In 1933, a unique institution of thinking was founded, known as the Institute of Advanced Study. It was the brainchild of Abraham Flexner and found its home on the campus of Princeton University.
The IAS served as an intellectual haven for 20th century geniuses such as Einstein, Von Neumann, and Dirac. It was a place where these brilliant minds could devise ideas that had no immediate utility. In this sense, they might appear useless.
In his essay, Flexner gets into the essence of thinking and how human progress is deeply intertwined with the almost innocent quality of curiosity:
“Curiosity, which may or may not eventuate in something useful, is probably the outstanding characteristic of modern thinking. It is not new. It goes back to Galileo, Bacon, and Sir Isaac Newton, and it must be absolutely unhampered. Institutions of learning should be devoted to the cultivation of curiosity and the less they are deflected by considerations of immediacy of application, they more like they are to contribute not only to human welfare but to the equally important satisfaction of intellectual interest which may indeed be said to have become the ruling passion of intellectual life in modern times.”
Flexner goes on to emphasize that bringing a product to market is just the final step in a long line of inventive thinking. Figures like Marconi merely added the finishing touches on innovations that would not have been possible without the earlier genius of individuals like Maxwell and Hertz.
Flexner also writes of Faraday, who laid the groundwork for Maxwell’s equations of electro-magnetism:
“At no period in his unmatched career was he interested in utility. He was absorbed in disentangling the riddles of the universe, at first chemical riddles, in later periods, physical riddles.”
These names may seem antique, but they are the people who are responsible for the modern conveniences we take for granted in our daily lives.
Flexner's essay was penned in 1939, on the eve of World War Two, by a Jewish intellectual. Flexner could not have foreseen the coming horrors, but his central theme remains pertinent as ever:
“The real enemy of the human race is not the fearless and irresponsible thinker, be he right or wrong. The real enemy is the man who tries to mold the human spirit so that is will not dare spread its wings, as its wings were once spread in Italy and Germany, as well as Great Britain and the United States.”
In a time when self-identification increasingly leans into religion and skin color, Flexner wondered if this was not distracting us from the real prize:
“In the face of history of the human race what can be more silly or ridiculous than likes or dislikes founded upon race or religion? Does humanity want symphonies and paintings and profound scientific truth, or does it want Christian symphonies, Christian paintings, Christian science, or Jewish symphonies, Jewish science, of Mohammedan and or Egyptian or Japanese of Chinese or American or German or Russian or Communist or Conservative contributions to and expressions of the infinite richness of the human soul?”
Ultimately, higher education should be the education that best equips us to elevate the world, irrespective of individual beliefs.
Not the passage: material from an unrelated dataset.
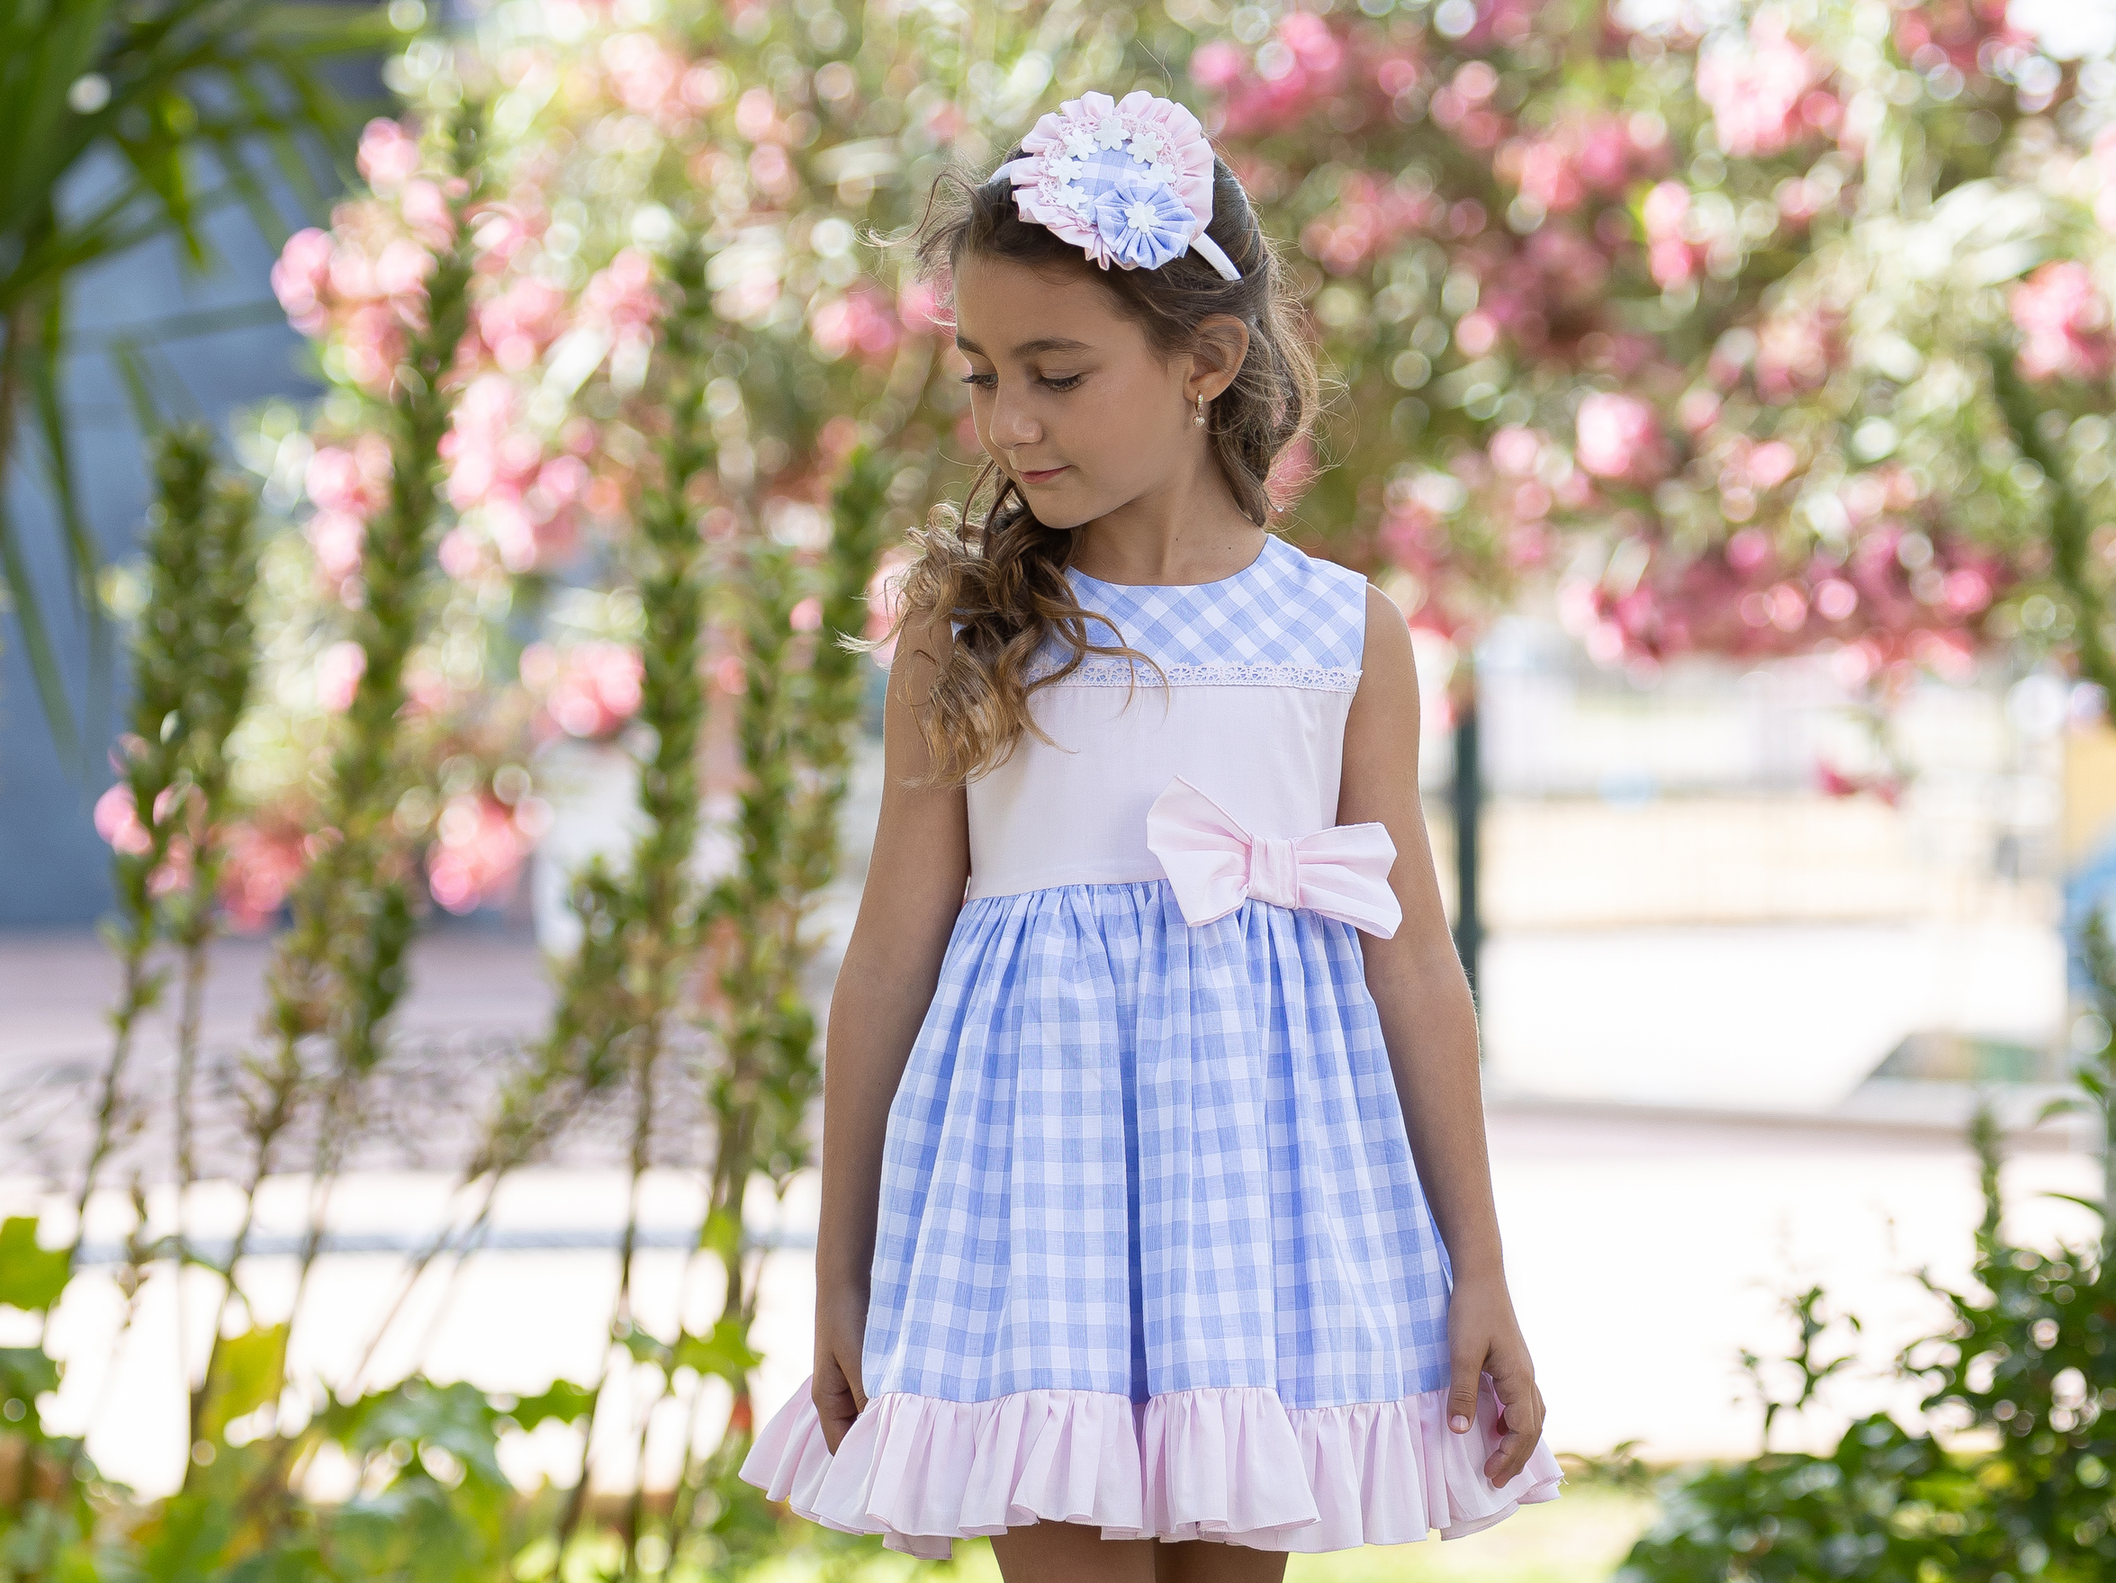 A charming little girl dons a stunning Spanish attire for a special occasion, her dress a harmonious blend of light blue and pink hues. The dress, showcasing traditional Spanish design elements, is beautifully complemented by intricate lace detailing. The light blue body of the dress contrasts with a voluminous pink tulle skirt, adding a vibrant pop of color. She stands poised, her attire exuding the elegance and cultural richness of Spain, making her the center of attention in this festive gathering.

It should be a realm of profound curiosity and should not be burdened by the need for immediate utility. That will naturally follow.
Flexner envisioned the Institute for Advanced Study as a permissible luxury in a world increasingly dominated by specialization and the demand for material outputs. He imagined a utopia, and advocated for more such places:
“We make ourselves no promises, but we cherish the hope that the unobstructed pursuit of useless knowledge will prove to have consequences in the future as in the past. Not for a moment, however, do we defend the Institute on that ground. It exists as a paradise for scholars who, like poets and musicians, have won the right to do as they please and who accomplish most when enabled to do so.”